"Ольга Ларионова. Соната ужа" - читать интересную книгу автора

если кто-то мог построить эту башню, мог доставить сюда инопланетян со
всех концов Вселенной, - на черта ему, такому всемогущему, земной
космолетчик на должность необученного посредника-гувернера? На роль
вселенских переводчиков лучше подходят пинфины - они тут живо со всеми
перезнакомились и отлично договариваются.
Так зачем же он здесь - крутить колесико, делать водичку в озере
то потеплее, то постуденее? Нелогично. Уж если они тут так
настропалились бить по затылку тепловым лучом, то проблема
дистанционного управления у них решена.
Так зачем, зачем этим невидимым гадам человек, который к тому же
будет постоянно пытаться отсюда удрать?
Он кусал себе руки, сжатые в кулаки, в бессильной попытке хоть
как-то осмыслить происходящее. Для чего здесь вообще все - этот вопрос
он себе запретил решать. Даже если и не свихнешься, все равно даром
потеряешь время. Нужно четко сформулировать главную проблему и долбить
только ее.
Когда-то, много лет тому назад, когда он получил под свое
командование первый корабль, он чуть не погубил всех людей как раз
потому, что заметался в определении главного, а потом еще и не мог
решиться на отчаянный шаг - сесть на незнакомую планету,
оккупированную лемоидами. Тогда положение спас этот славный старик
Феврие. Он сказал: я беру командование кораблем на себя. И тогда
Сергей успокоился, смог с ясной головой делать свое дело. Вечный
дублер, как, оказывается, его уже давно прозвали в Центре управления.
Первый и последний раз, когда он был командиром, Феврие ничего не
сказал ему, но Сергей чувствовал: старик ждет от него, чтобы он сам
ушел из космофлота.
Сергей не ушел. Но не стал и "вечным дублером", постоянным вторым
номером. Выход нашелся в виде редкой должности почтальона-инспектора.
Маленький кораблик, развозящий срочные грузы по дальним планетам, -
занятие нехлопотное. Экспедиции снаряжались обстоятельно, и редко
случалось так, что на базе забывали погрузить что-то жизненно важное.

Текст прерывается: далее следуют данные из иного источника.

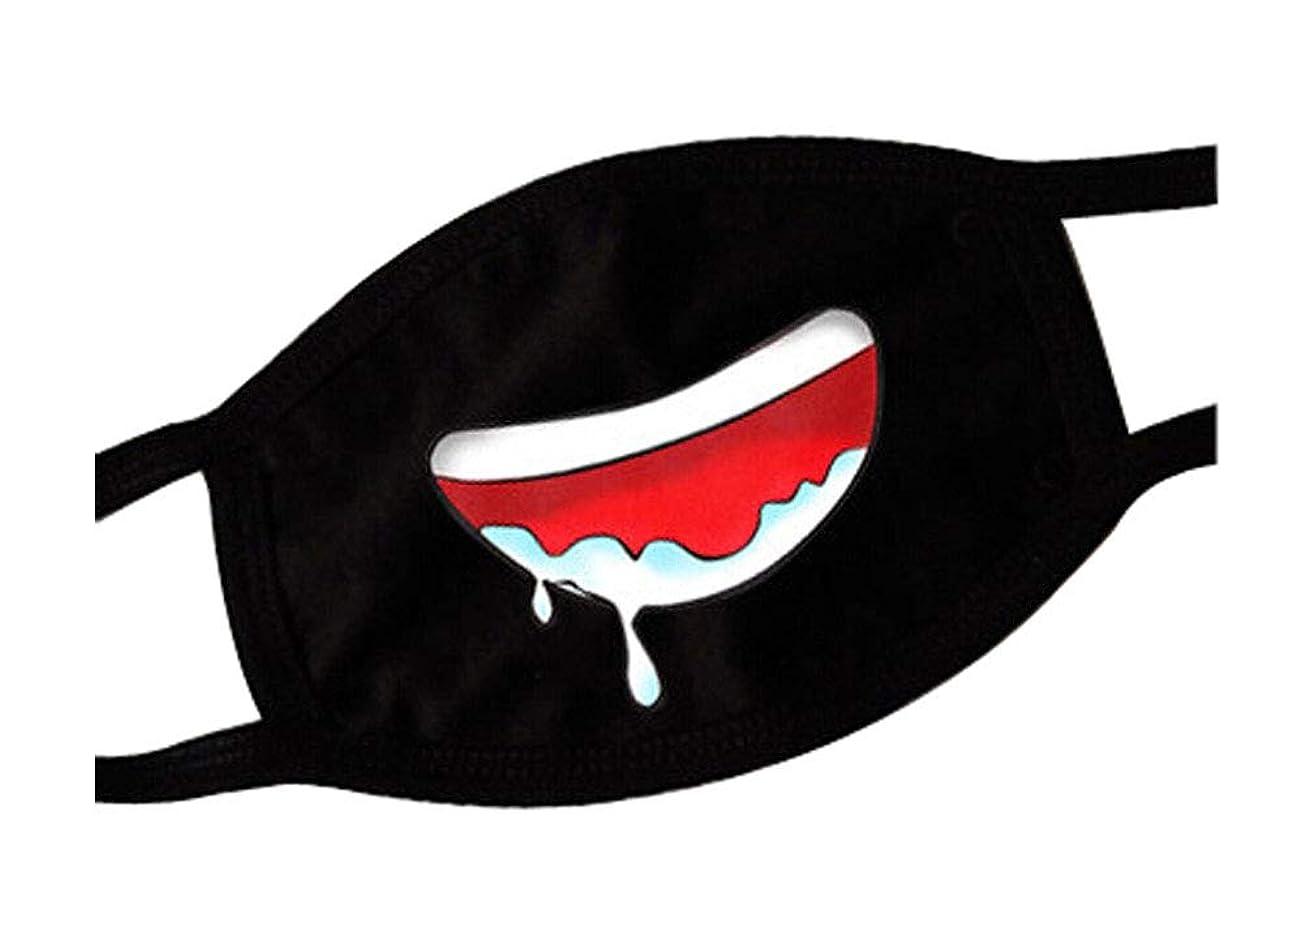 手を差し伸べる暴露わずらわしいブラック面白い口のマスク、十代のかわいいユニセックスの顔の口のマスク、F2

Но бывало. Тогда и отправлялся почтальон - на маленьком кораблике, в
одиночку. Ему не приходилось быть вторым номером - он был единственным
членом экипажа. Это и давало ему моральное право на то, чтобы летать,
потому что после того злополучного рейса "Щелкунчика" он никогда бы не
взял на себя ответственность за других людей.
А здесь вот он ничего на себя и не брал - само получилось. Сидят
тут эти гуманоиды сиднем, колоды лежачие, стоит заговорить о бегстве -
и сразу, как страусы, головы в песок - Страшно! Им, видите ли,
страшно, а ему, уже четырежды битому, не страшно.
Окрепнув, он пошел вдоль насыпи влево, сделал еще несколько
попыток перелезть через нее - результат был однозначным. Били.
Вернулся к варианту башни, опробовал все рычаги, штурвалы и
реостаты. Добился замерзания озера, разрежения воздуха вдвое, по его
прихоти можно было бы учинить в долине бурю, потоп, устроить форменную
Сахару или напустить аммиачных паров. Разумеется, все эти опыты он
проводил с величайшей осторожностью, хорошо помня, как он однажды чуть
не поморозил полюгалов, плескавшихся у подножия гадючьей колонны.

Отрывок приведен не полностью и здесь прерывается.